Büyükşehir Belediyesi'nden yapılan açıklamayı merakla ve keyifle okudum.

Özetle şöyle deniliyor açıklamada:

''Ankara Büyükşehir Belediyesi ANFA Genel Müdürlüğü, atık ağaçların kök ve dallarından elde ettiği malzemelerle ahşap figürler tasarlıyor.

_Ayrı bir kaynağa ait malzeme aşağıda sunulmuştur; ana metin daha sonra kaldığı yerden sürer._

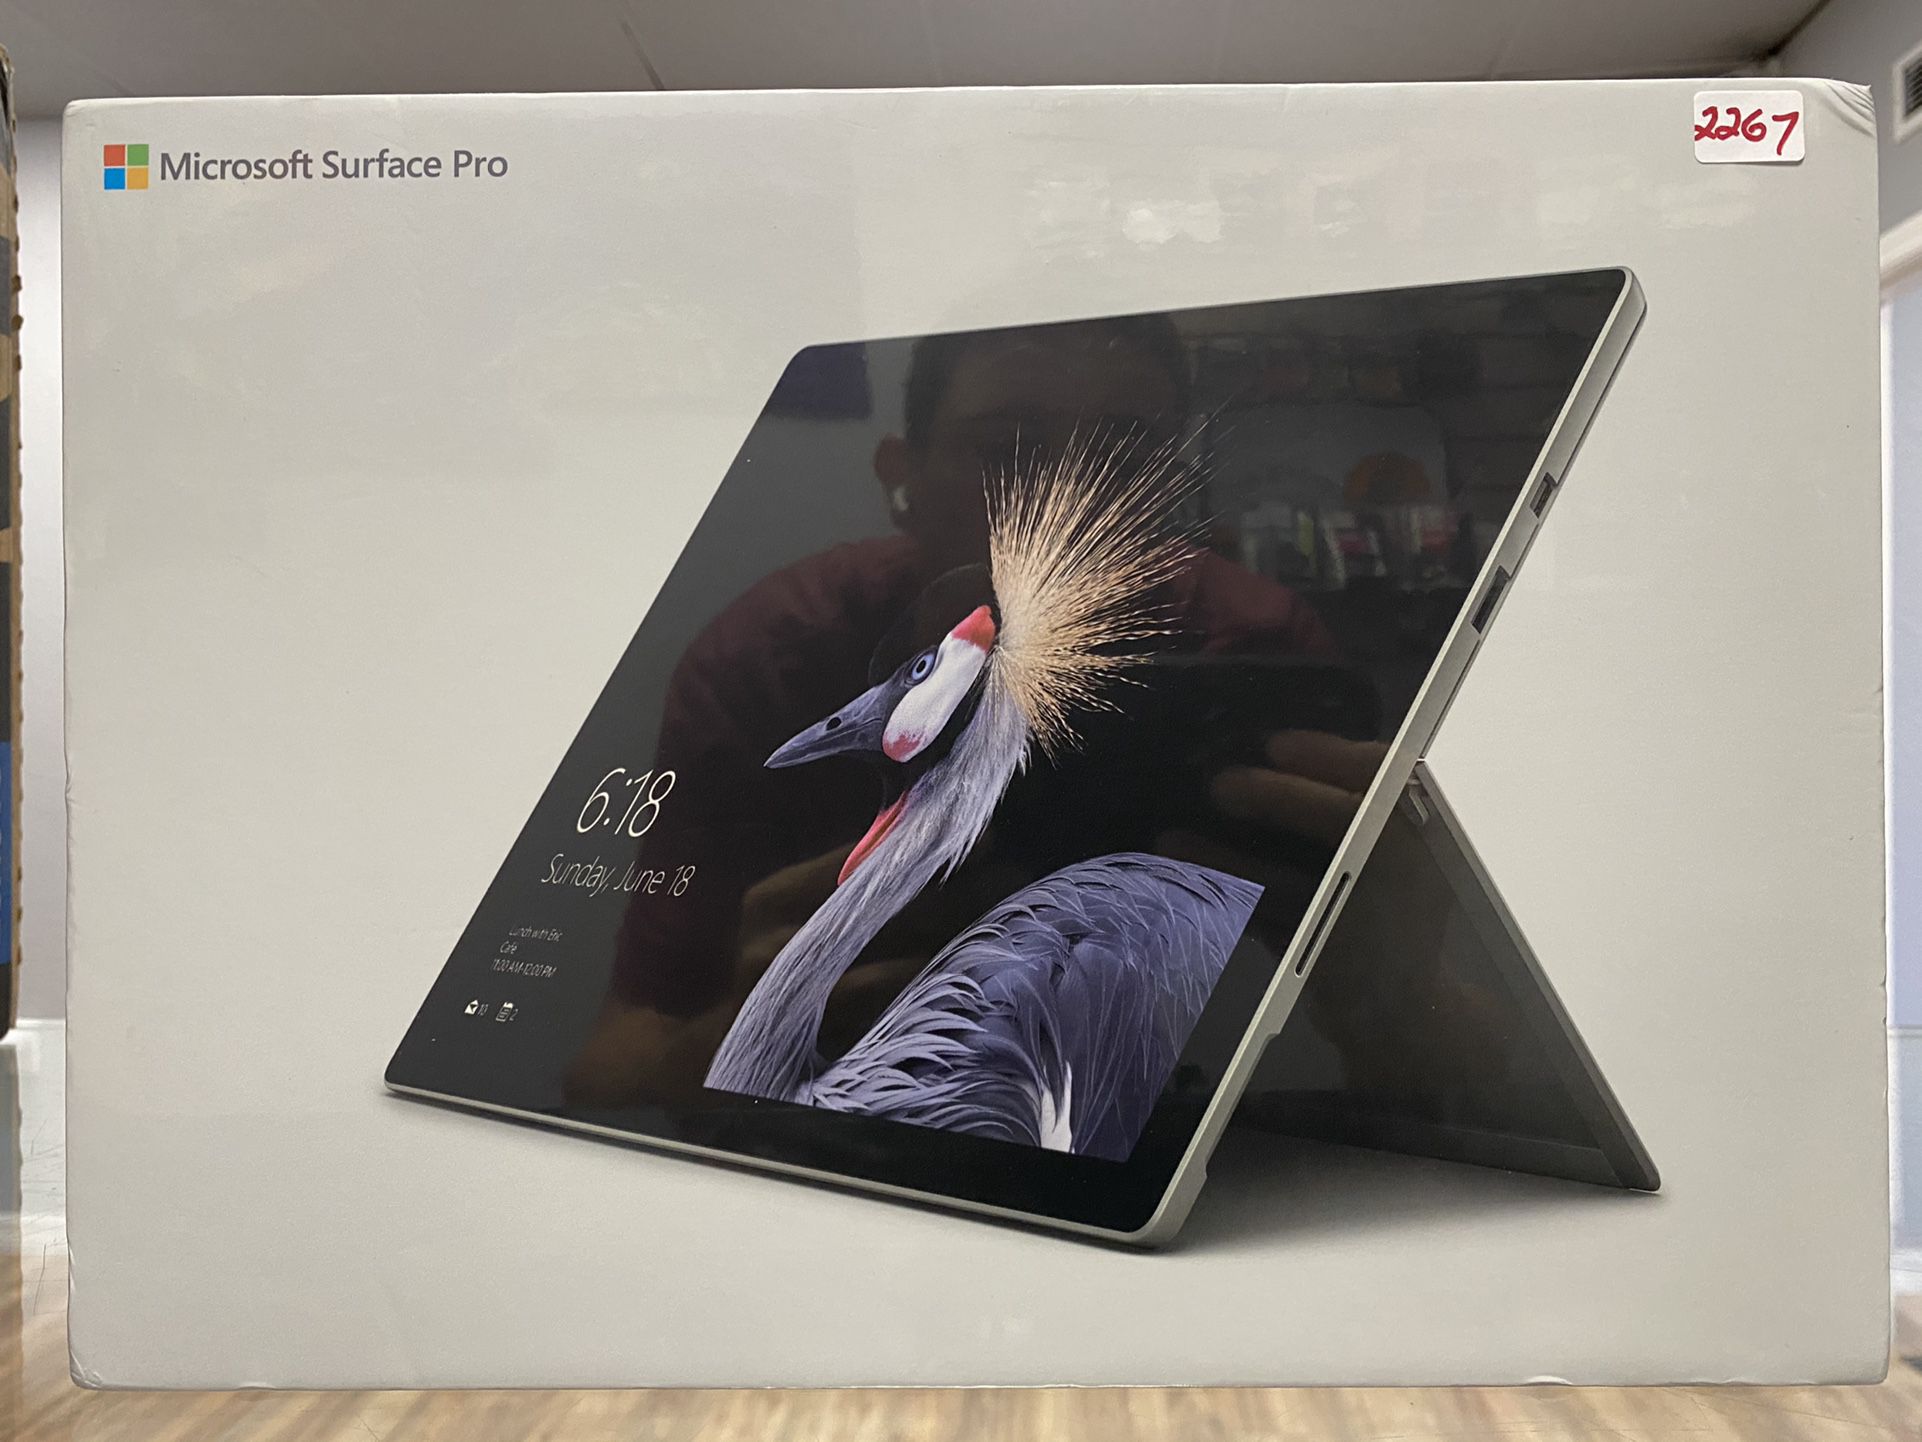 Microsoft Surface Pro LTE 12.3" Touch i5-7300U 8GB RAM 256GB SSD Win 10 Pro

ANFA Peyzaj Müdürlüğü bünyesinde görev yapan personel, Ahşap Atölyesi'nde Ankara'nın park ve rekreasyon alanlarını süsleyecek birbirinden çeşitli objeler üreterek adeta sanat eserlerine dönüştürüyor.''

Haberde Ahşap Atölyesi'nde üretilen ahşap malzemelerin Çubuk 1 Barajı, 30 Ağustos Zafer Parkı, Esertepe Parkı ile Gençlik Parkı başta olmak üzere ANFA'ya bağlı tüm park ve bahçelerde sergilendiği de belirtiliyor.

Yapılan güzel şeyler, atılan olumlu adımlar mutluluk veriyor.

Güzelliklerin, yapılanların takdiri ise, kuşkusuz yapanların şevkini artırıyor.

ANFA Genel Müdürlüğü'nün bu hizmeti de alkışı hak ediyor.

Ankara'yı ''güzel Ankara'' tanımlamasının aynası konumuna getirecek her adım alkışlanmalı.

Okudukça keyiflendim…

Tam bitirmiştim ki okumayı, magandaların günlük marifetlerini yansıtan tv haberleri tüm sevincimi aldı götürdü.

Sevgilisinin gırtlağını kesen mi istersiniz, bahçe paylaşımı anlaşmazlığı yüzünden yaşlı adamı darp eden mi?

''Yan baktın'' kurbanları mı, karısını hastanelik edinceye kadar döven gözü dönmüş koca mı?

Spikerin ağzından dökülen her cümlede ''Bize neler oluyor'' diye kara kara düşüncelere sürüklenirken, az önce okuduğum haber geldi aklıma;

''Ağaç köklerinden elde edilen malzemelerden yapılan ahşap figürler…''

Keşke tersi de mümkün olabilse diye düşündüm uzun uzun…

Bizim kütükler de yontulabilseler keşke diye geçirdim içimden.

Yontulup da insana dönüşebilseler…

''Acabalar'' zihnimi kemirirken, spikerin okuduğu, kız arkadaşını öldürüp parçalara ayırdığı vücudunu betona gömen cani ile ilgili haberle sıyrıldım düşüncelerden.